Use the Conda environment provided in the environment.yml
file:
conda env create -f environment.yml
conda activate sdfr
Before training, it is essential to correctly align the images. To do so, run the following script:
python dataset_generator/align.py --dataset-path /path/to/dataset --output-path /path/to/output --batch-size 1 --device cuda:0 --image-size 112 --num-workers 8
Our employed training sets are:
We internally tested our model against LFW.
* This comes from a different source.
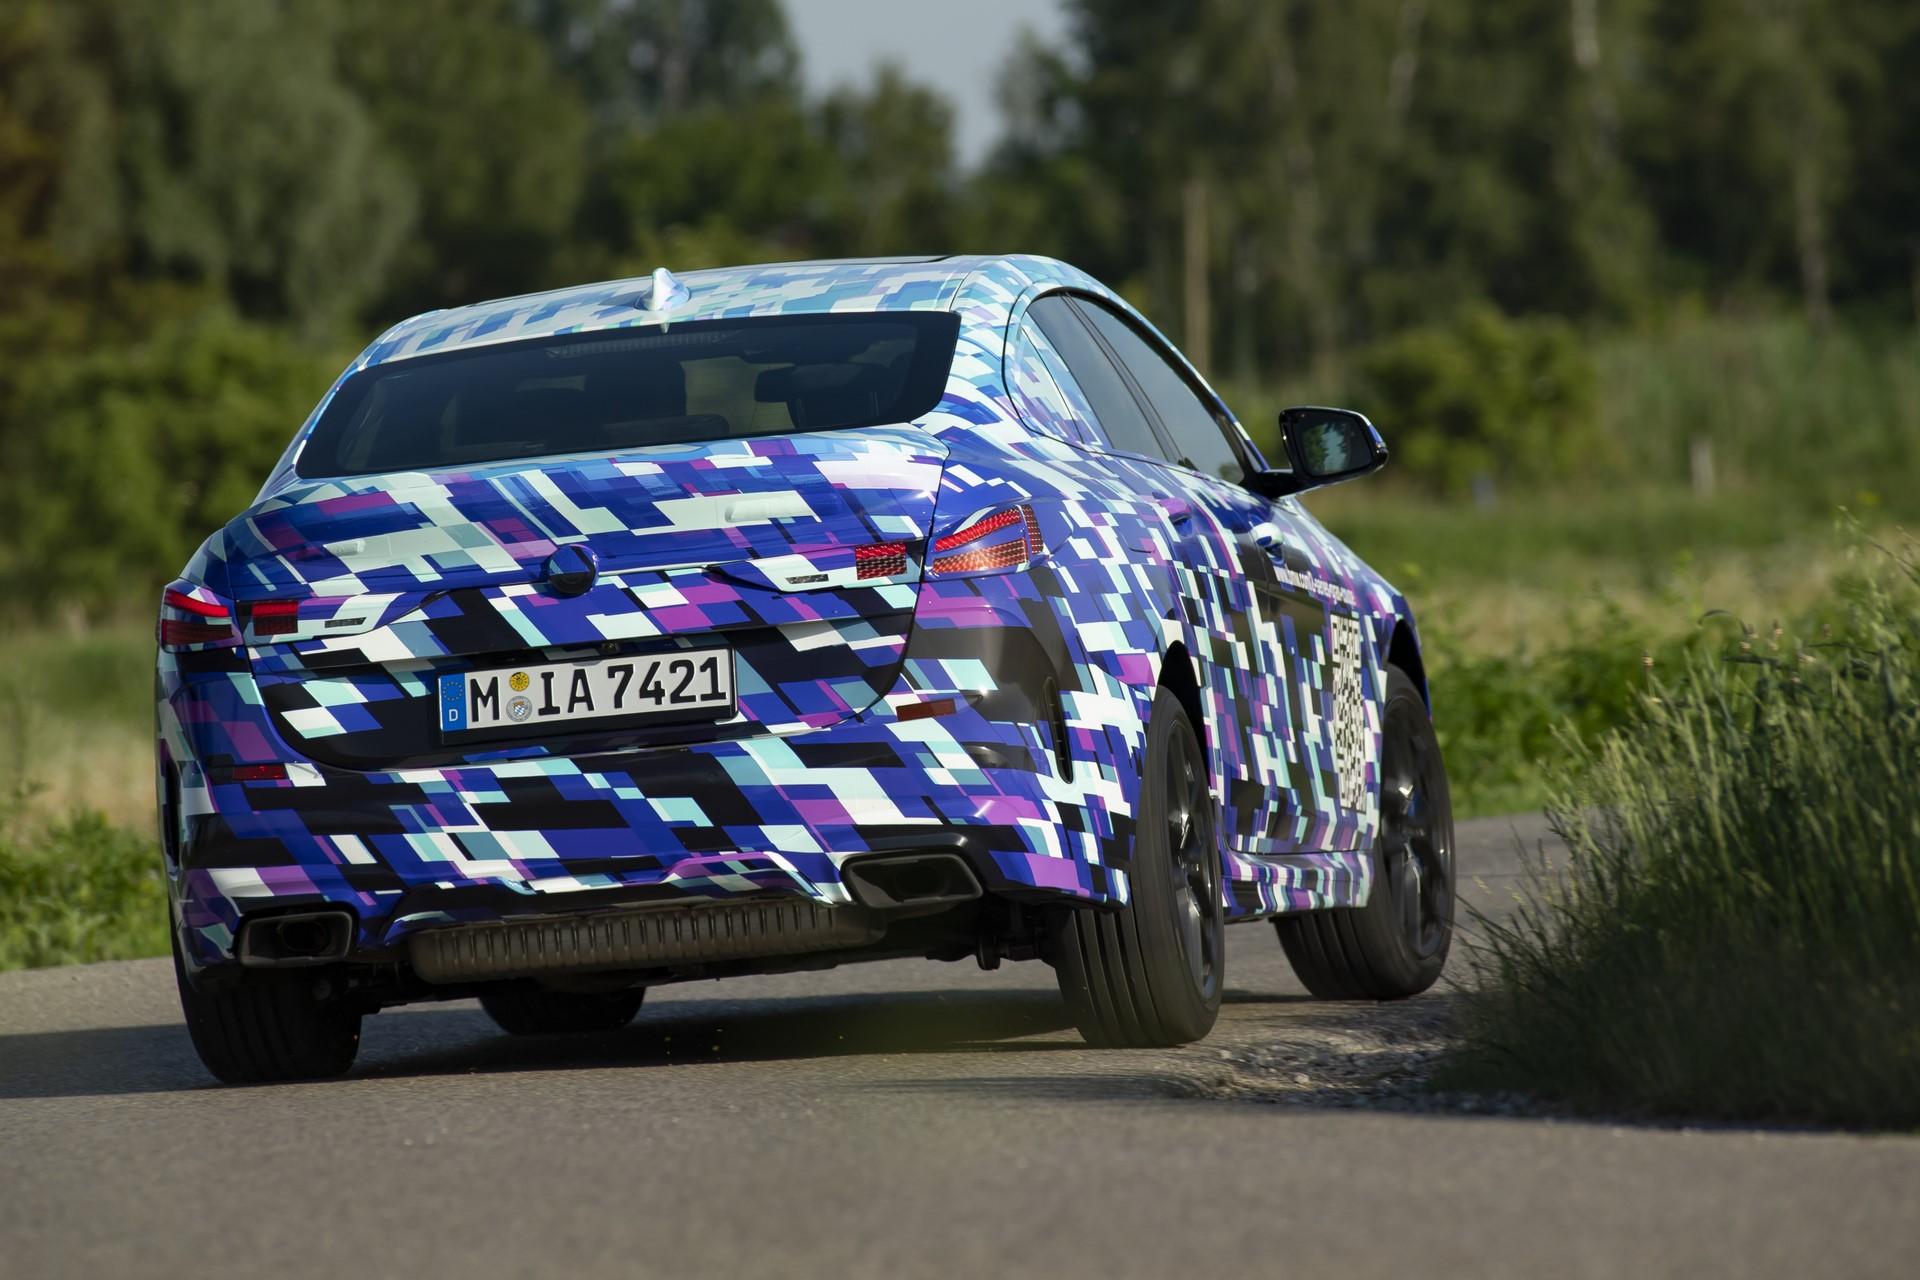 BMW-2-Series-Gran-Coupe-2020-spy-photos-8

The experiment configuration files are:
experiments/synth_idiffface.yml
for task 1experiments/synth_all_iresnet100.yml
for task 2
Moreover, change the LFW root path in experiments/train.yml
and experiments/test.yml
accordingly.
In that root there must be a file called test_pairs.txt
, which can be found in the experiments/
directory of this repository.
To train the model, run:
python main.py fit -c experiments/train.yml -c experiments/experiment_file_here.yml
To test the model, run:
python main.py test -c experiments/test.yml -c experiments/experiment_file_here.yml --trainer.logger.init_args.id wandb_run_id --ckpt_path /path/to/checkpoint
To generate our celebrities dataset with Stable Diffusion, run the following commands:
cd dataset_generator
python query_all_occupations.py
This will download from Wikidata a .csv file containing the subjects that will be generated.
To generate the dataset, we use Stable Diffusion WebUI, packaged in a Singularity image to allow for multi-node multi-GPU processing in a SLURM environment.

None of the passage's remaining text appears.